By Andrew Nappi
Florida Tenth Amendment Center
Floridians will have the opportunity to vote for “health care freedom” next year.
The Florida Health Care Freedom Act, a constitutional amendment initiative, will appear on the 2012 Florida general election ballot.
The amendment, “Proposes creation of s. 28, Art. I of State Constitution to prohibit laws or rules from compelling any person or employer to purchase, obtain, or otherwise provide for health care coverage; permits health care provider to accept direct payment from person or employer for lawful health care services; exempts persons, employers, & health care providers from penalties & taxes for paying or accepting direct payment for lawful health care services; permits purchase or sale of health insurance in private health care systems; specifies what amendment does not affect or prohibit.”
Approval will require a 60 percent super-majority of Florida voters.
The proposal does not prohibit implementation of any government health care plan in Florida. But it does stipulate that no citizen of Florida may be compelled to join.
The Republican super majority had the option of passing a similar measure as statute, but future legislatures could reverse a simple law if, or when, the cycle of power swings back to the Democrats. If approved as a constitutional amendment, reversal becomes much more difficult.
The measure passed the Florida Senate on March 9, early in the 2011 legislative session. Senate President Mike Haridopolis promised the measure and pushed it through the legislature’s upper chamber. Vying for the GOP nomination for the U.S. Senate, the Melbourne Republican will likely use his support of the Health Care Freedom Act to sure up his position as the anti-Obamacare candidate.

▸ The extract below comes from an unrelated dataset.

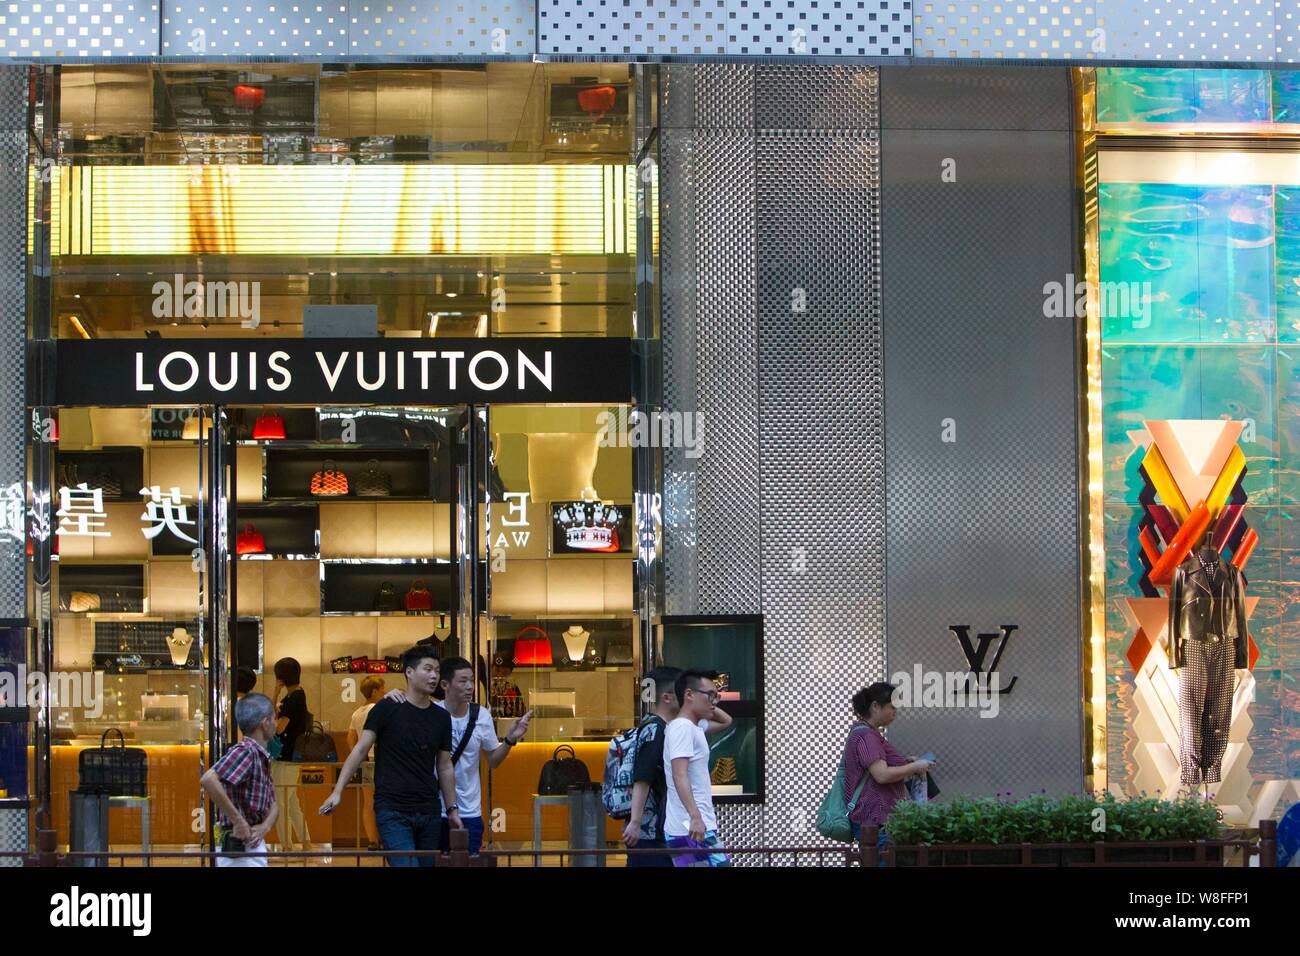 Flying start for LVMH Moet Hennessy Louis Vuitton - Inside Retail Asia

The Florida House passed the measure on May 4 along party lines by 84-37 vote.
Two important questions remain.
The first and most obvious is whether Florida’s voters will support the measure to the 60 percent threshold needed for passage.
Just as importantly, the bill does not provide any provision to protect Florida citizens should the courts uphold the constitutionality of the national health care law. The federal government would not likely recognize Florida’s amendment, and would claim final authority under the “supremacy clause” of the Constitution. Despite the fact that unconstitutional federal acts don’t hold the force of law, and courts don’t stand as the sole arbiter of an acts constitutionality, the feds would likely insist upon its right to compel Floridians to join. Should this scenario evolve, the bill offers no protections for Florida citizens.
Every liberty minded citizen should address this question to their state representatives: What will you ultimately do to protect my choice?
A bill that purports to provide freedom of choice without a mechanism to guarantee choice may prove less substantive than meets the eye.
Andrew Nappi is the State Chapter Coordinator for the Florida Tenth Amendment Center.